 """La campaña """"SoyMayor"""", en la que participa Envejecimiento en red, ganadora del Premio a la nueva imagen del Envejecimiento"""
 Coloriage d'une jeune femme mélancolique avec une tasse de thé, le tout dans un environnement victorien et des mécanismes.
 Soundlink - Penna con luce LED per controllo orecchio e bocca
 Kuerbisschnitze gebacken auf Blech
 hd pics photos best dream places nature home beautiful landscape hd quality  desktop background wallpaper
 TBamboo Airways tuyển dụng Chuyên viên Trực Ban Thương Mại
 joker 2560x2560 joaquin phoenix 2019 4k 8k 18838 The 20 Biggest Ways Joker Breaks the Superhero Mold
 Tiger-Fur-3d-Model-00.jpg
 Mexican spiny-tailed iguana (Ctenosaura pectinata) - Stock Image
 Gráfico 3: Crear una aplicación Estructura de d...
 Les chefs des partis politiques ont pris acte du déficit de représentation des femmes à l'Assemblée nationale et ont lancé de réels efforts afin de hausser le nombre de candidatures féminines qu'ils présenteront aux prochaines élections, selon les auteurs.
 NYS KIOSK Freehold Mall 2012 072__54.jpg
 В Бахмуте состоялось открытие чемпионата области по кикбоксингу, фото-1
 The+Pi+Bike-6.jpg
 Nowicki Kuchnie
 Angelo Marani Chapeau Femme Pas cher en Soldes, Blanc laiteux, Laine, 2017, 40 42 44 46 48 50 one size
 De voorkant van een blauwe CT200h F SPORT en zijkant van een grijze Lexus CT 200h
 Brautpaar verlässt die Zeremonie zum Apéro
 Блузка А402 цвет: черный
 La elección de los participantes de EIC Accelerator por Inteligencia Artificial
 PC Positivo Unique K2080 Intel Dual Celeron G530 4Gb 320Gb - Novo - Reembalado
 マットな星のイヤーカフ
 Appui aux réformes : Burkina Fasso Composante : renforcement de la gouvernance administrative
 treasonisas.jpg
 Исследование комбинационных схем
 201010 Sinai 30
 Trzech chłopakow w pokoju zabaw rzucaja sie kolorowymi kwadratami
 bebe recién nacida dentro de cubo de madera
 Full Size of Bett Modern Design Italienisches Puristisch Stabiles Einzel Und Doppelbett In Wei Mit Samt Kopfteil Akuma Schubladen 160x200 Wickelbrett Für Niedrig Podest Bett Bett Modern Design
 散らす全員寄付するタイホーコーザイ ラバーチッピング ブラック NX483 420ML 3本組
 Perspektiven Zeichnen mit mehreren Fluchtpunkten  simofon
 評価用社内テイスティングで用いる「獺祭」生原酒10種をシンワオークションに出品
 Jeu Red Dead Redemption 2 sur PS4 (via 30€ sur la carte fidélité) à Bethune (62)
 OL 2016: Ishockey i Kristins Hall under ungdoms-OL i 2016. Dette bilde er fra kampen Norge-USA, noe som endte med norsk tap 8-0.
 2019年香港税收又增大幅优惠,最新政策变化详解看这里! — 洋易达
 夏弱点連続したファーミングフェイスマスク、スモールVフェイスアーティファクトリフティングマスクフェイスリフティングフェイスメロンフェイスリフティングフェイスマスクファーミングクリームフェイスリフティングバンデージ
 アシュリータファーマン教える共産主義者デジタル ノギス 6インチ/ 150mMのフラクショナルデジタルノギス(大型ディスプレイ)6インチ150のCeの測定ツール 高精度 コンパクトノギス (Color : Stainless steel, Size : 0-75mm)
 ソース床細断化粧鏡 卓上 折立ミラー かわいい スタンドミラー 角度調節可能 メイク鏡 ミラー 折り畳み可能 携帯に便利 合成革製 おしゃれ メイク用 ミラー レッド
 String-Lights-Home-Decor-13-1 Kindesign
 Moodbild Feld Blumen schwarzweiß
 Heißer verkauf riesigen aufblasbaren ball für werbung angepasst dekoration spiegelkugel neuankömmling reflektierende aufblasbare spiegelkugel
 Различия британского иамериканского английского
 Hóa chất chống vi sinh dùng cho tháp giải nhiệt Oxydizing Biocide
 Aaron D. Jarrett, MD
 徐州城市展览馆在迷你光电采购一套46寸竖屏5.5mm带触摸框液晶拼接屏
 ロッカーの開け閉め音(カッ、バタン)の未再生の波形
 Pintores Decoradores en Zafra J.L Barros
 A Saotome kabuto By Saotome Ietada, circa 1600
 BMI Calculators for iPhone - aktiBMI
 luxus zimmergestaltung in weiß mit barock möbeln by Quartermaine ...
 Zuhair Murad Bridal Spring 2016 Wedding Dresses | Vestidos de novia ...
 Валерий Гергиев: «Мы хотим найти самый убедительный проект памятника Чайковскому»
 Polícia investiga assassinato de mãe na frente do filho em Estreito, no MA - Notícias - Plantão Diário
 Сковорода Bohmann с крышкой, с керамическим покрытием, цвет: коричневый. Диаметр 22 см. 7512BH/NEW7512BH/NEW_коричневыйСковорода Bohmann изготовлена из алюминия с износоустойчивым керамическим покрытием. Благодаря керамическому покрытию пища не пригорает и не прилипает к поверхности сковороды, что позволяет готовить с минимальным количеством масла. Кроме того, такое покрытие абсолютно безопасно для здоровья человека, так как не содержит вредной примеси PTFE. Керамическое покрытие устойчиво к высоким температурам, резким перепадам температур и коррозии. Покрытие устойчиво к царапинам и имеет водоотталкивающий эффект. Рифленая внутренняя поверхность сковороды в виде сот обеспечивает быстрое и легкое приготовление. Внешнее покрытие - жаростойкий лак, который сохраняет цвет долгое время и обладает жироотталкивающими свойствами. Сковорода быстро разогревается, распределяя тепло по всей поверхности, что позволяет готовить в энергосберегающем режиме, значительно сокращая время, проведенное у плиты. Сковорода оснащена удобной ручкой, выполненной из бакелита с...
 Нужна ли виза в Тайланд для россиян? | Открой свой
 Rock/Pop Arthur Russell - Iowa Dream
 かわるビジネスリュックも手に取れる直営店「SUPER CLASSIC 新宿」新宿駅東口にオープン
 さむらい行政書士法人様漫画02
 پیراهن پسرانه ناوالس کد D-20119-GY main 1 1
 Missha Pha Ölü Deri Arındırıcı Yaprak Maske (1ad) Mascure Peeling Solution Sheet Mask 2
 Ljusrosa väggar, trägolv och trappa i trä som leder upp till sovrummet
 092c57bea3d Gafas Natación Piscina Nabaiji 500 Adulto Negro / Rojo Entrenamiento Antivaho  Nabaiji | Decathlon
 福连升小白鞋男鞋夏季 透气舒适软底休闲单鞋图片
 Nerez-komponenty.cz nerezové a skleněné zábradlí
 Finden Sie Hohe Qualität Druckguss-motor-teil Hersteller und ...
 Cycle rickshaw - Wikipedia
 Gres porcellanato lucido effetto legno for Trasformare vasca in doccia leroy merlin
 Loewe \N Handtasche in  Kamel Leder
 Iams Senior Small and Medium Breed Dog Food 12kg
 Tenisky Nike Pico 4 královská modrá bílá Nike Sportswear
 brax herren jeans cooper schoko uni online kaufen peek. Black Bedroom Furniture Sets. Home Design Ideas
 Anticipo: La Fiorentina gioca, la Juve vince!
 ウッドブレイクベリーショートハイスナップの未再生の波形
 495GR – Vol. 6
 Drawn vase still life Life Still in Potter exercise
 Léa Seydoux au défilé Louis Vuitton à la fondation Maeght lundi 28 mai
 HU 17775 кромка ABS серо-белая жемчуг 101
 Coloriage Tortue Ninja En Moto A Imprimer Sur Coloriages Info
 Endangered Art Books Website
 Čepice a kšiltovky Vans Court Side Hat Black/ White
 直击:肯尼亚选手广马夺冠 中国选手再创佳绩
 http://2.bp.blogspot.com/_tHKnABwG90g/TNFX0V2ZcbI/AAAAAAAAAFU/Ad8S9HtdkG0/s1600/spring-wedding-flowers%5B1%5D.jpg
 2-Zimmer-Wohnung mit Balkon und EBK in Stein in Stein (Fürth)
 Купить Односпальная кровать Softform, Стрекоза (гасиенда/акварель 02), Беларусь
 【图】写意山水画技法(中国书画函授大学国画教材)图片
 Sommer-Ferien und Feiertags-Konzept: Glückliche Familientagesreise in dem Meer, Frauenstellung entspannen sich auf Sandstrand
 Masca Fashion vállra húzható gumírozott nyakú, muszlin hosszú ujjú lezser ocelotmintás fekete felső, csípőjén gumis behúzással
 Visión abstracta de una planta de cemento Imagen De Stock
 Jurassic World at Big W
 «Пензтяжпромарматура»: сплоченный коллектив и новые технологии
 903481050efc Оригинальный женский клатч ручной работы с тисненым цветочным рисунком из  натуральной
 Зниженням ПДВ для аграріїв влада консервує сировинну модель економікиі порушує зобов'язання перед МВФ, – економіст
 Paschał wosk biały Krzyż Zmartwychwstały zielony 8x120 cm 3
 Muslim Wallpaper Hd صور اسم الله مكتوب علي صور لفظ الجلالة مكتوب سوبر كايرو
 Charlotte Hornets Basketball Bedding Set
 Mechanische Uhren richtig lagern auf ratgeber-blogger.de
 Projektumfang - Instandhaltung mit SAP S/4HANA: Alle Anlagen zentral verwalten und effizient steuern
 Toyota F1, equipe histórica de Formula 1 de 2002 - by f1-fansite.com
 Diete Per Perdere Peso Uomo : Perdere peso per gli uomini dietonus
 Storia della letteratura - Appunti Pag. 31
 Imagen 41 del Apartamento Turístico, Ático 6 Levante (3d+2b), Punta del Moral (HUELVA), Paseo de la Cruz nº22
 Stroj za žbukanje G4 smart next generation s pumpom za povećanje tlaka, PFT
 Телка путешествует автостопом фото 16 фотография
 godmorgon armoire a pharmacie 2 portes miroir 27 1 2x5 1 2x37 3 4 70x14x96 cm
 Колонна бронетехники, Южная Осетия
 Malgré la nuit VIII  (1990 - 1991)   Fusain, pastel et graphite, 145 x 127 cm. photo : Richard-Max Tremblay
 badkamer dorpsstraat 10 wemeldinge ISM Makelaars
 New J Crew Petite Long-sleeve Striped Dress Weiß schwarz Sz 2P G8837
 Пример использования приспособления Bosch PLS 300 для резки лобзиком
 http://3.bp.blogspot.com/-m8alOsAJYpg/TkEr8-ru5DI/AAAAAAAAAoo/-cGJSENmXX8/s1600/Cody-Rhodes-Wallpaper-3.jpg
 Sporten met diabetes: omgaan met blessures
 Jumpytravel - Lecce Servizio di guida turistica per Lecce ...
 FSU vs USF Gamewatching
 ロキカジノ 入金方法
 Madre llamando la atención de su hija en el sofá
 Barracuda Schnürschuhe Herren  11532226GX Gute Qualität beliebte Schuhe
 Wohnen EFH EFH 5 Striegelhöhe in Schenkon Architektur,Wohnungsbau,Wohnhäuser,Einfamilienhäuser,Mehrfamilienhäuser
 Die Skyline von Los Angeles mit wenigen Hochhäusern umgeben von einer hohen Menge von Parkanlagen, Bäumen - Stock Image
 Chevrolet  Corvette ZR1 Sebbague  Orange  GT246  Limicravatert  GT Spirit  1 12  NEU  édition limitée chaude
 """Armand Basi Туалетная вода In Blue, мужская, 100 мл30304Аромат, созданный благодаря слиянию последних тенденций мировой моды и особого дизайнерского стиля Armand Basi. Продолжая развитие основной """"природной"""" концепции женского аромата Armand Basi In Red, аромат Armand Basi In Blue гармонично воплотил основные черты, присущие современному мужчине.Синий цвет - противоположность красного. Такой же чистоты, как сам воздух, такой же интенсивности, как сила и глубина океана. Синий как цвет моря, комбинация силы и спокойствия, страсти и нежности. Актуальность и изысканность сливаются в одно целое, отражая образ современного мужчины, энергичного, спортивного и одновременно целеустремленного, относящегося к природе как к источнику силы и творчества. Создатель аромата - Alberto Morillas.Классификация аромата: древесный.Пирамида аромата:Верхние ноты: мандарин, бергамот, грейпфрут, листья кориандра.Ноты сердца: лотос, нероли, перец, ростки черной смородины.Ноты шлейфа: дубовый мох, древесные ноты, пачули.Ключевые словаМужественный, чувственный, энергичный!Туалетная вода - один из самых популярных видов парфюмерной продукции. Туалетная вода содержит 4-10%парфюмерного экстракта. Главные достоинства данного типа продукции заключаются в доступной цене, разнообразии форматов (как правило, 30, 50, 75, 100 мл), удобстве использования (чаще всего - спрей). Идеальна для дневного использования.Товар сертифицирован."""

++++++++

◆ PROBLEM TO SOLVE ◆
From the lines above, copy those that contain the word "фото".

◆ SOLUTION TO THE EXERCISE ◆
 В Бахмуте состоялось открытие чемпионата области по кикбоксингу, фото-1
 Телка путешествует автостопом фото 16 фотография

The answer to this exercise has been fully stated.